Line by line, the data below should be set down unchanged, with images excluded.

___ Information shown ___

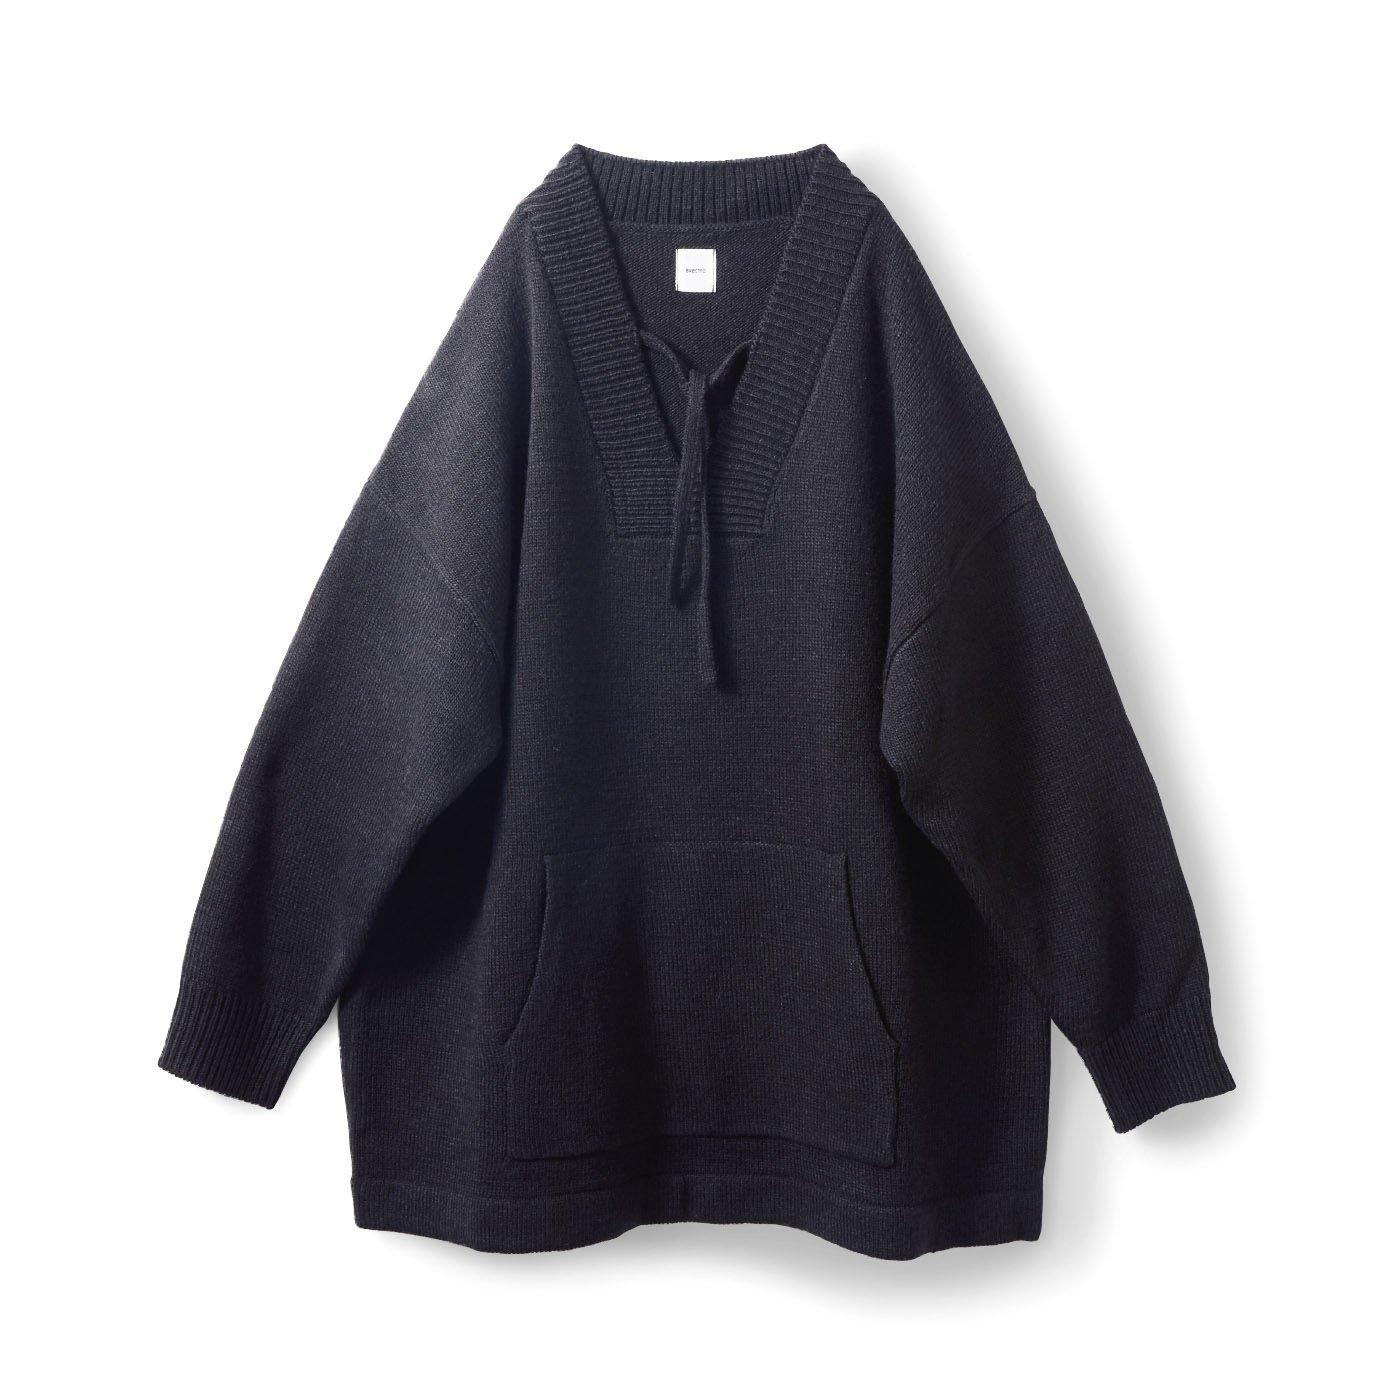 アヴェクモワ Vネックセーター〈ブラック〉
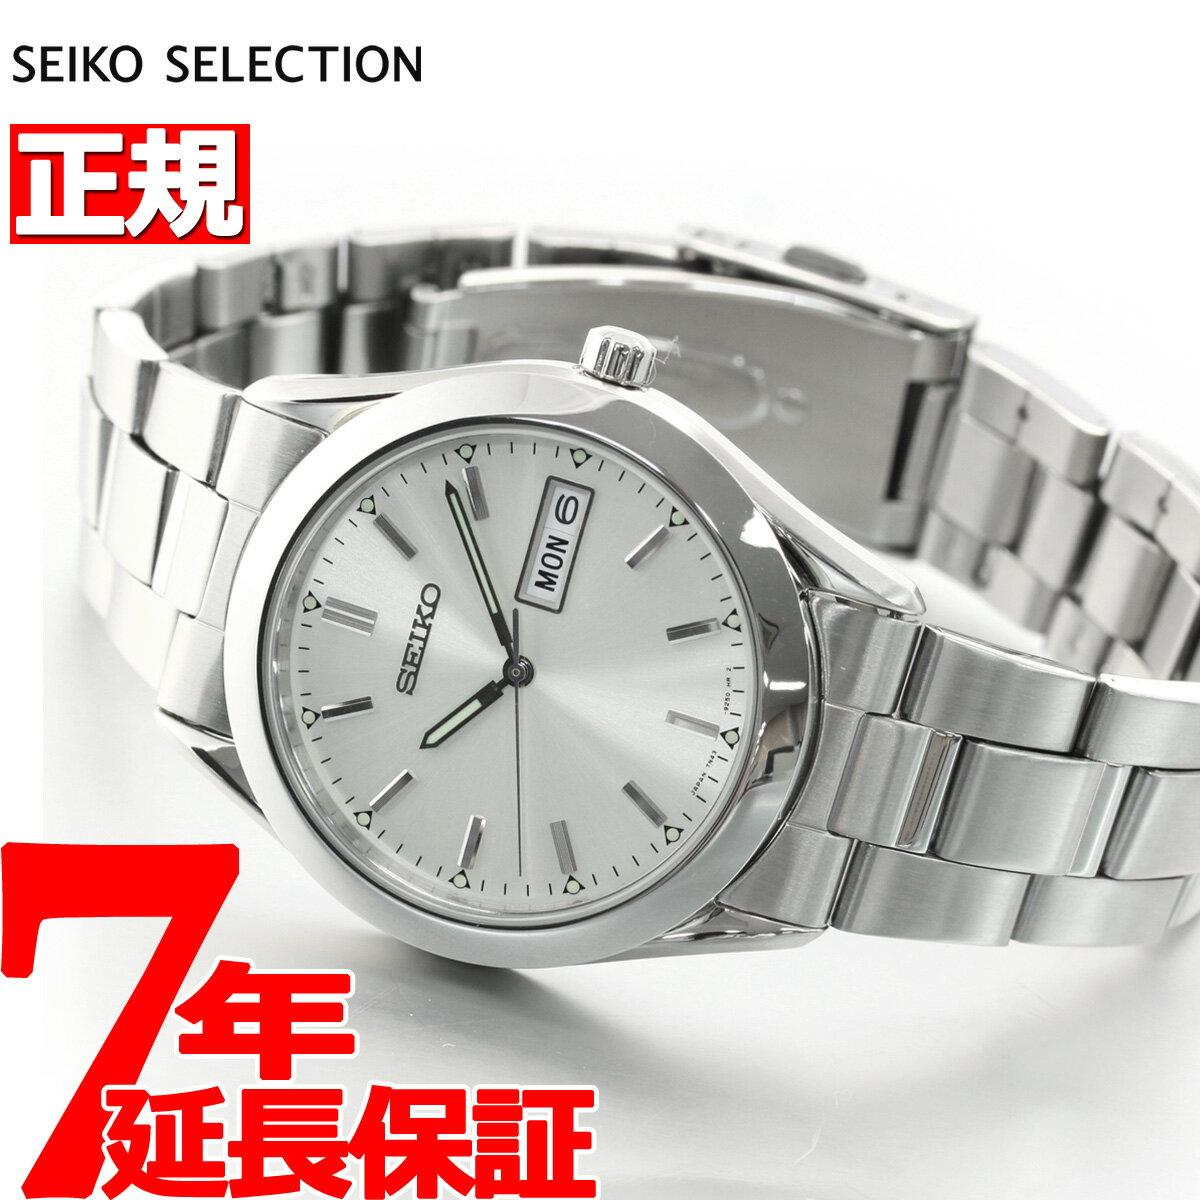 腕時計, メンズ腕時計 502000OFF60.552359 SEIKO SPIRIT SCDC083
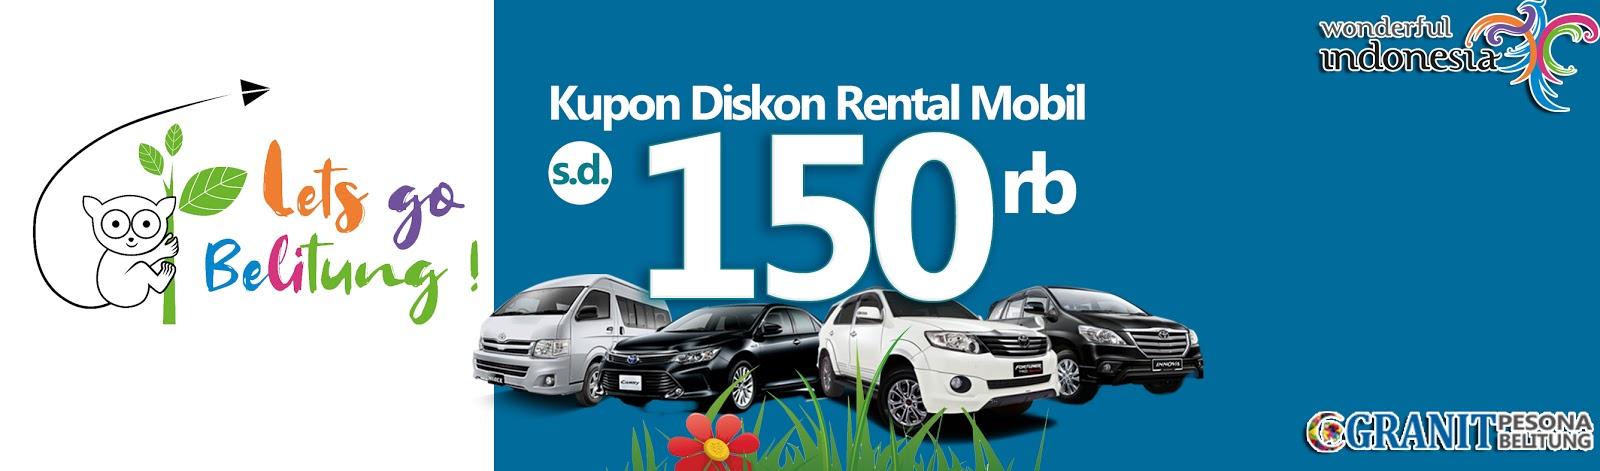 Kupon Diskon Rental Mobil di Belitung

___

• _Response to the exercise_
 アヴェクモワ Vネックセーター〈ブラック〉
 腕時計, メンズ腕時計 502000OFF60.552359 SEIKO SPIRIT SCDC083
 Kupon Diskon Rental Mobil di Belitung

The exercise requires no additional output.